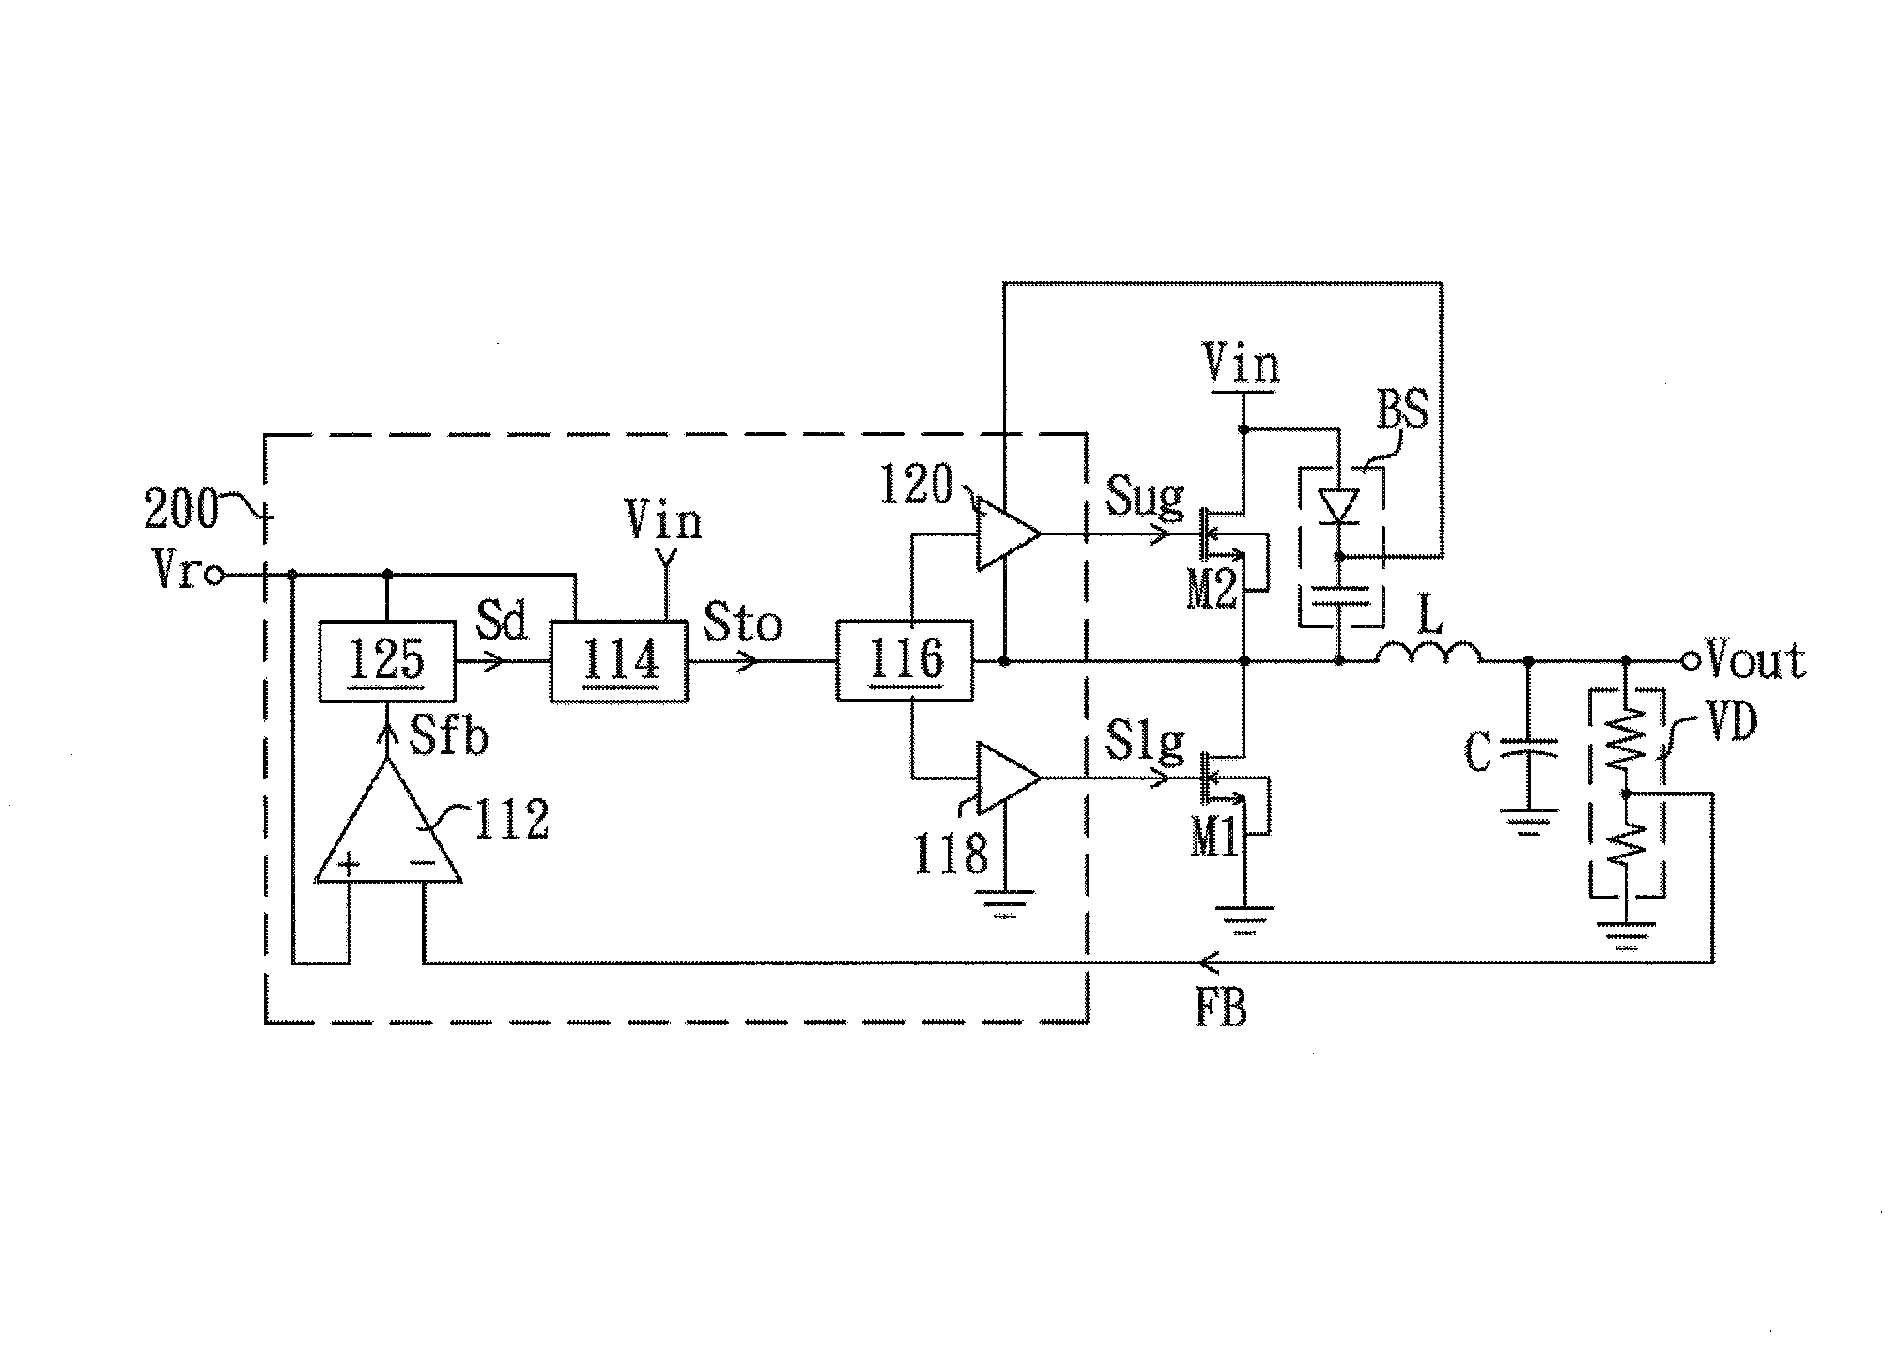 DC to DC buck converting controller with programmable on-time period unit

* * *

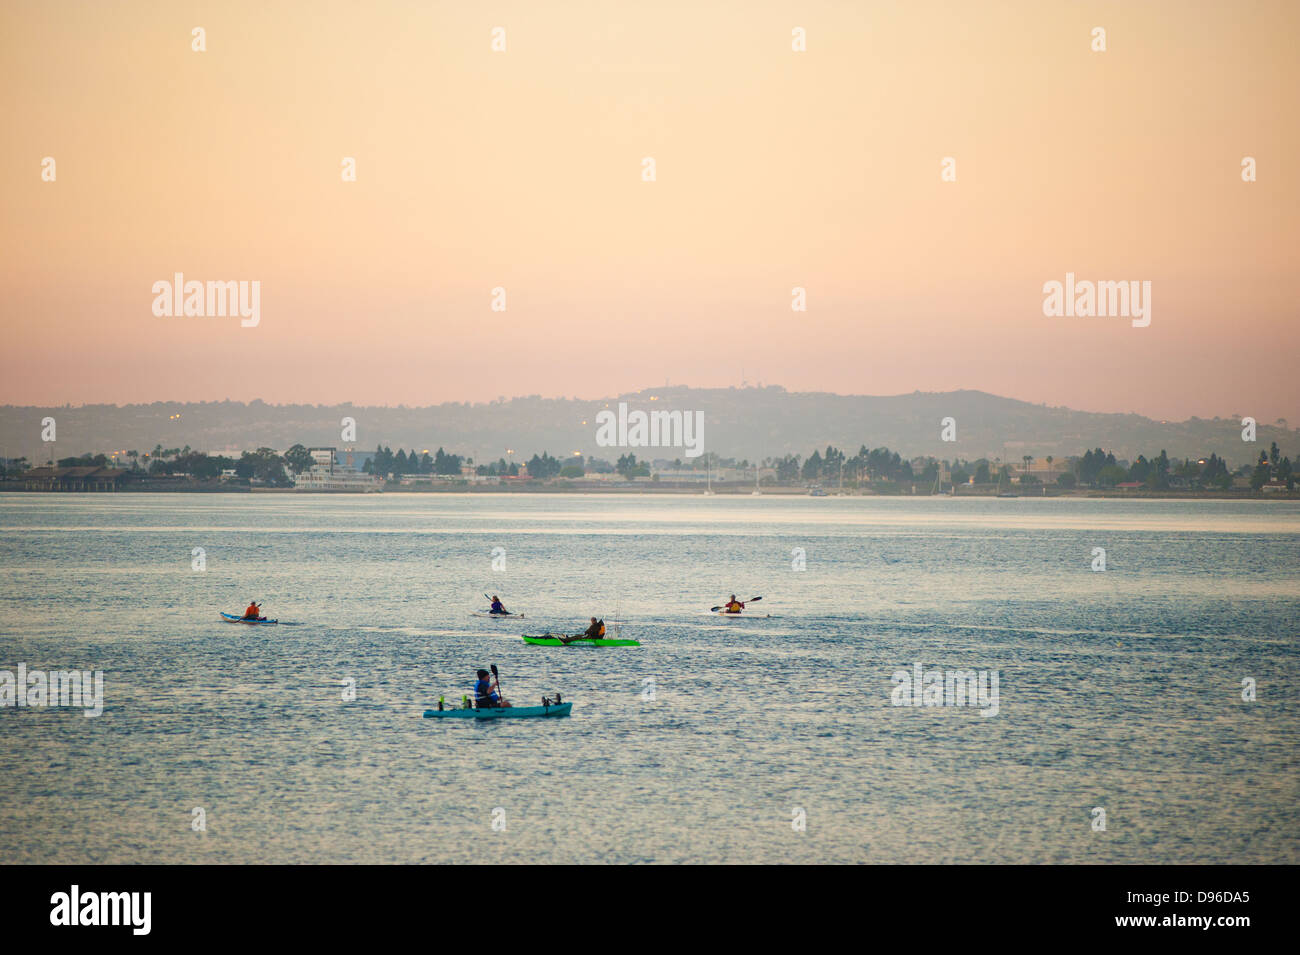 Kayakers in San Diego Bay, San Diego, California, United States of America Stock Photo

...

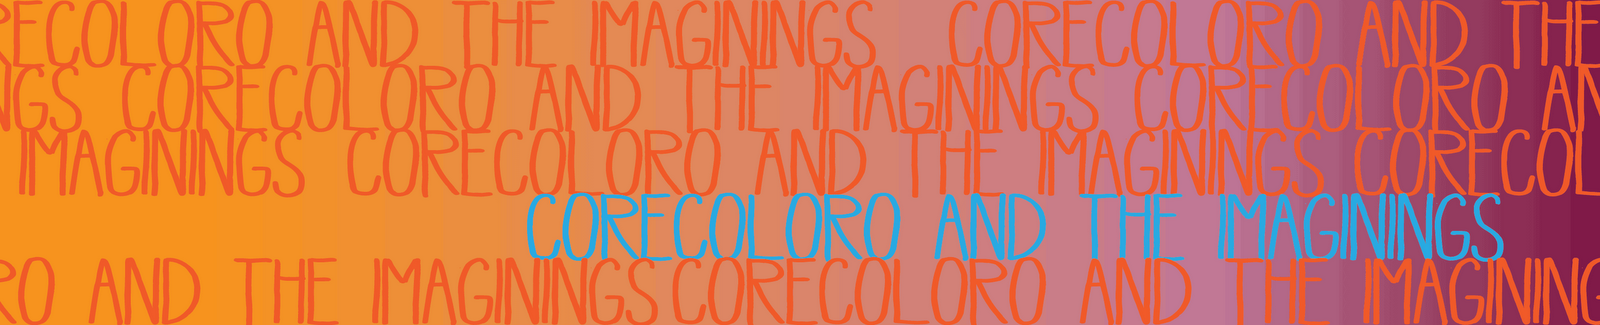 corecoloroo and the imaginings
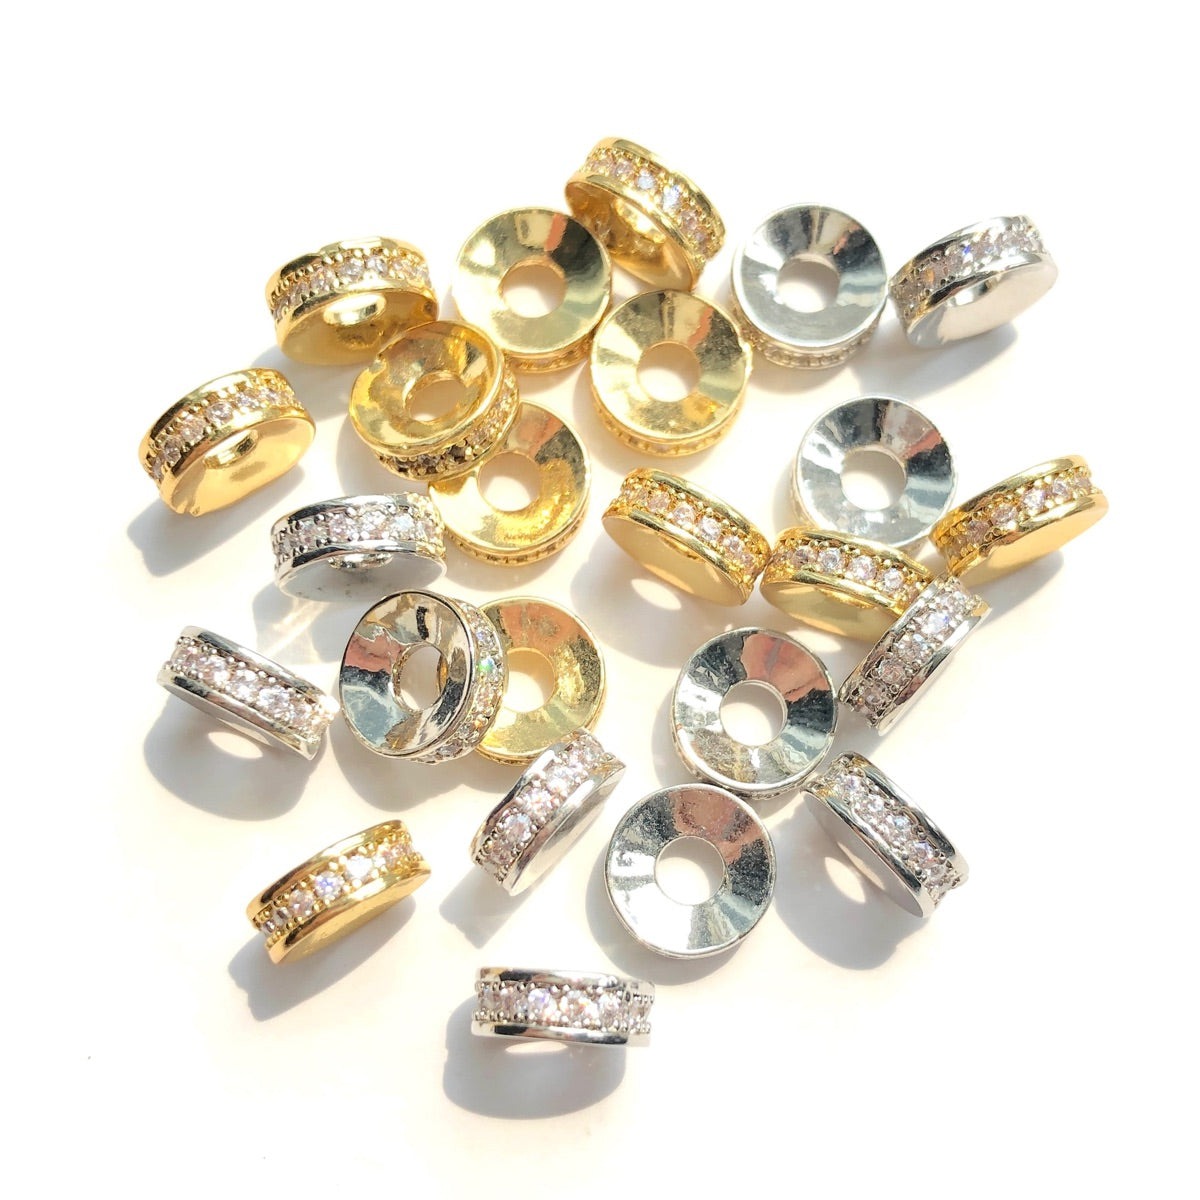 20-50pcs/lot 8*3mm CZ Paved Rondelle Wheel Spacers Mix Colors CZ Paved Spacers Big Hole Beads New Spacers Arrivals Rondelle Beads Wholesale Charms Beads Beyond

EXERCISE OBJECTIVE: Copy exactly the lines of the entries above from the one containing "corecoloroo and the imaginings" through the one containing "20-50pcs/lot 8*3mm CZ". Both end lines count; pictures do not.

WRITTEN SOLUTION:
 corecoloroo and the imaginings
 20-50pcs/lot 8*3mm CZ Paved Rondelle Wheel Spacers Mix Colors CZ Paved Spacers Big Hole Beads New Spacers Arrivals Rondelle Beads Wholesale Charms Beads Beyond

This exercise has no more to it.